Thanks for the suggestions.


----------



## sqkcrk (Dec 10, 2005)

Let 'em beard. No one is doing anything about the bearding bees ion the maple tree in my front yard.


----------



## Beethinking (Jun 2, 2008)

If they are out of space give them more space. Otherwise just leave 'em be.  

Matt


----------



## ken rice (Apr 28, 2010)

Hey Zip, Where you at in butler county


----------



## Zip (May 28, 2010)

So will they be super defensive while bearding if I open the hive? Just trying to get a feeling for what I'll be dealing with.

I'm in the Hamilton area.


----------



## sqkcrk (Dec 10, 2005)

More bees at home, more chances of getting stung. Proper hive manipulation should keep that to a minimum. Had any training? Other than by the bees?


----------



## Michael Bush (Aug 2, 2002)

Maybe they are crowded. Maybe they need more ventilation. Maybe they don't need anything at all...

http://www.bushfarms.com/beesfaqs.htm#bearding


----------



## Adam Foster Collins (Nov 4, 2009)

With my tbh's, I find it seems to have a lot to do with humidity. The more humid it is, the more they spill out onto the porch. Today is cool and rainy, but really humid - tons of bees. 

Yesterday was warm, breezy and not so humid. Very few bees on the porch.


Adam


----------



## Zip (May 28, 2010)

sqkcrk: No formal training, other than the bees and reading. That's why I built a hive and started keeping. I'm also going to join a club to get more hands on.

Michael: Thanks for providing the info, It has been incredibly hot here and we haven't had rain in a long time. I'm providing water, pollen patties, and sugar water. They have a screen bottom board, but I need to prop open the top cover a little to give them more vertical ventilation.
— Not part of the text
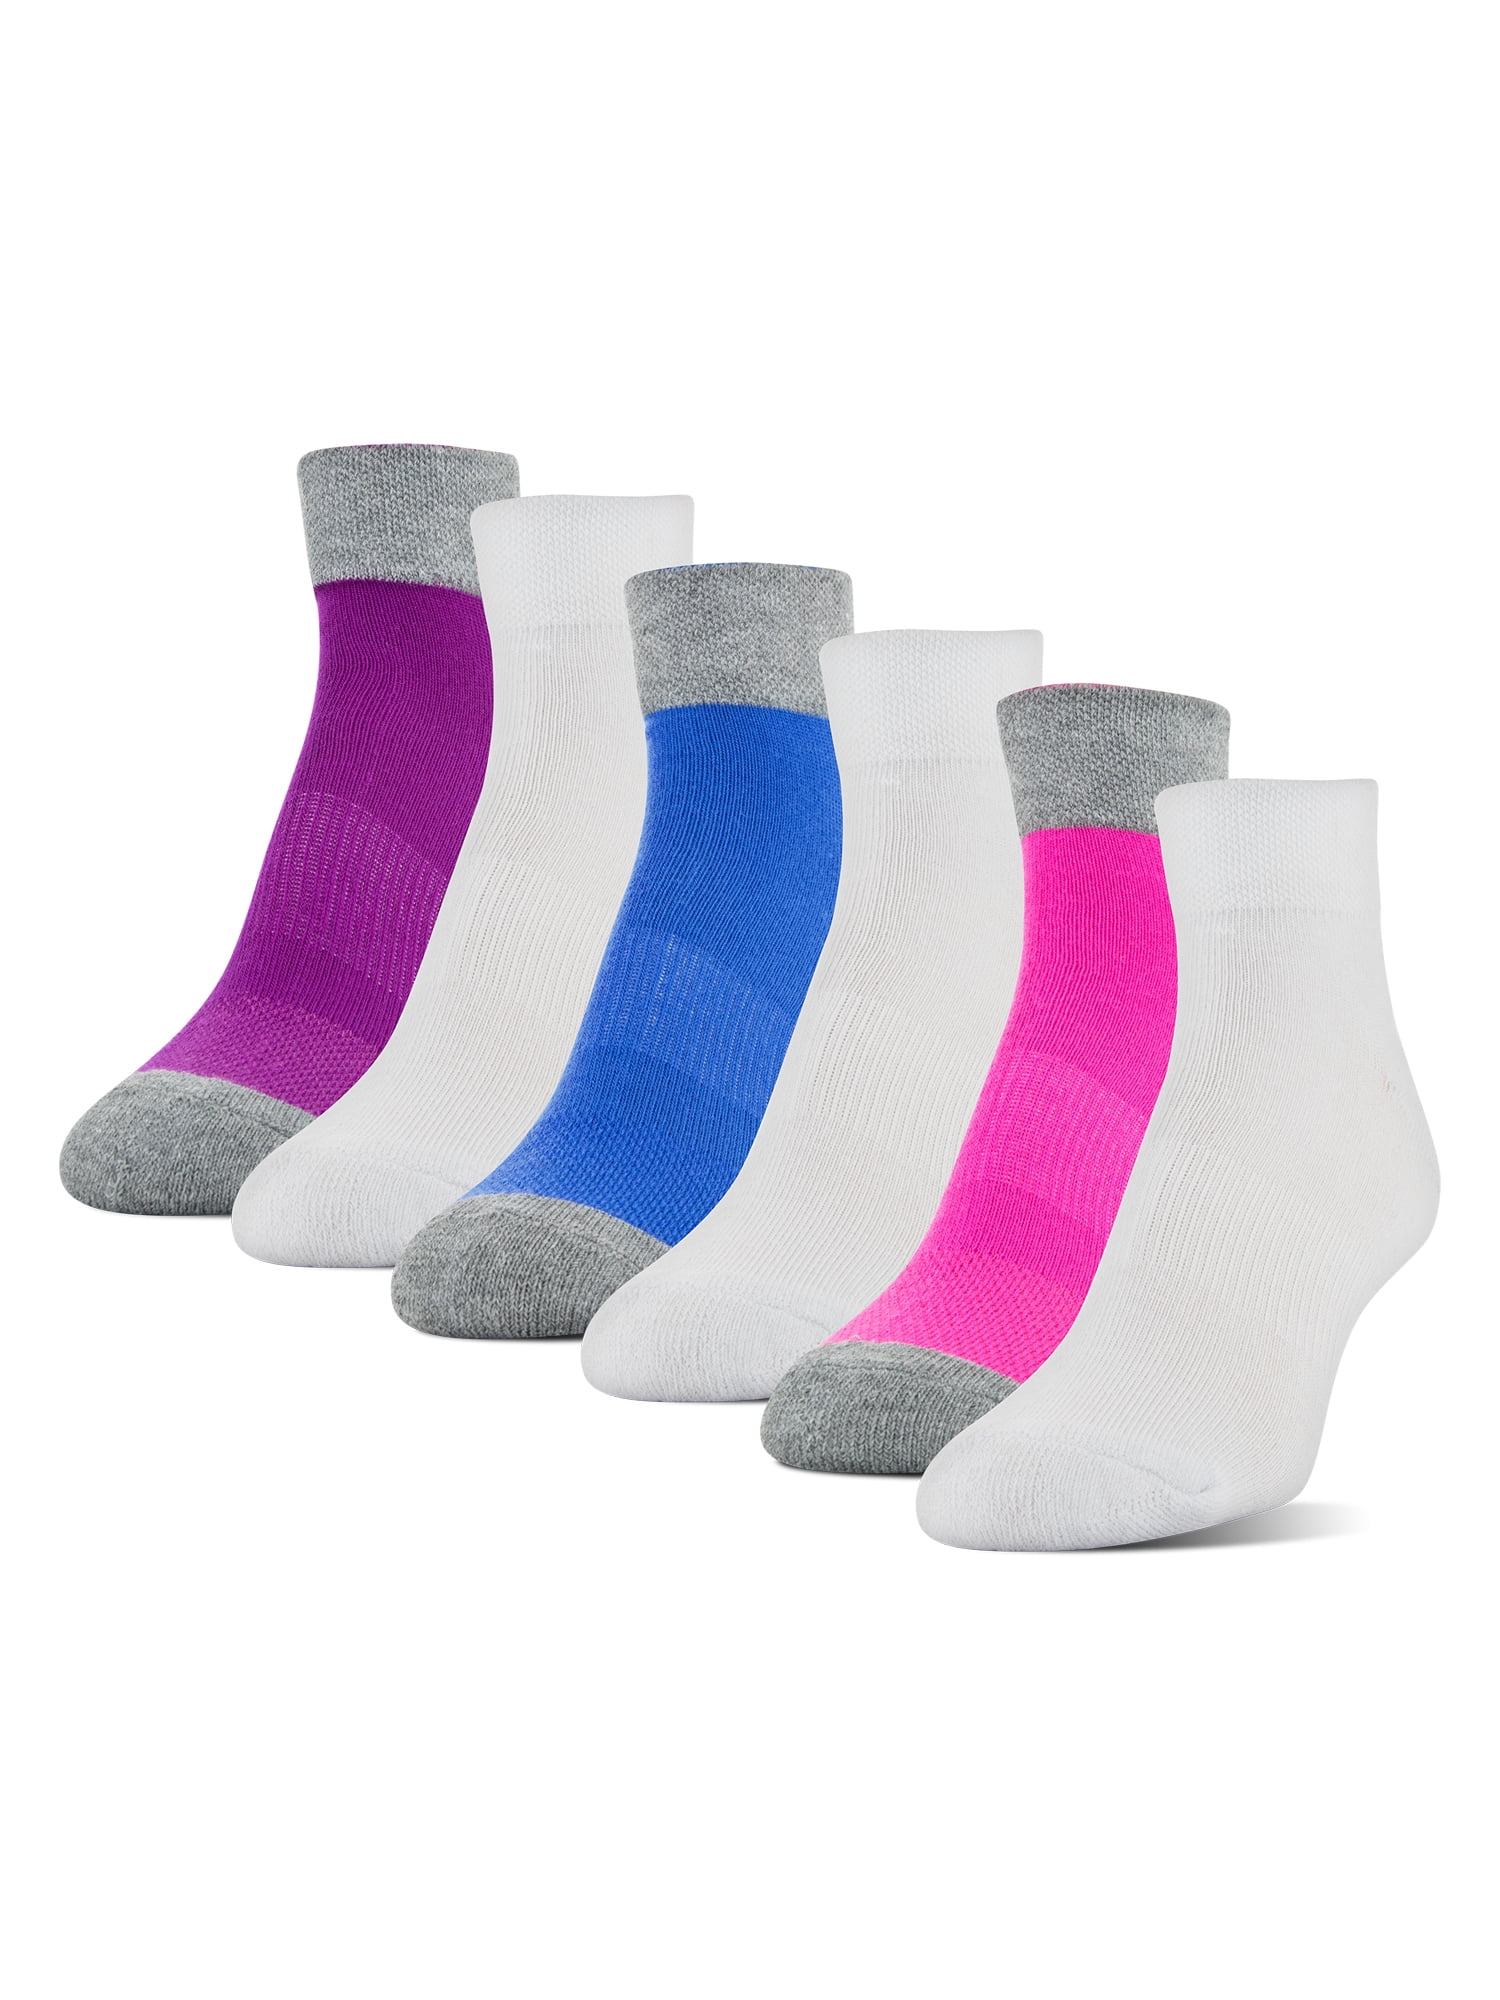 Athletic Works - Women's Midcushion Zone Cushion Low Cut Socks, 6 Pairs ...

Thanks for the info everyone. They are more defensive, last weekend when I changed out their sugar water they were all over me. Of course to sqkcrk's point, I was probably rushing.


----------



## tarheit (Mar 26, 2003)

It's been very hot and humid here in Ohio with very little breeze (though I doubt that would help much as humid as it is). Nearly all the hives are bearding regardless if they have room or not. It's not a big concern unless they are out of space. 

-Tim


----------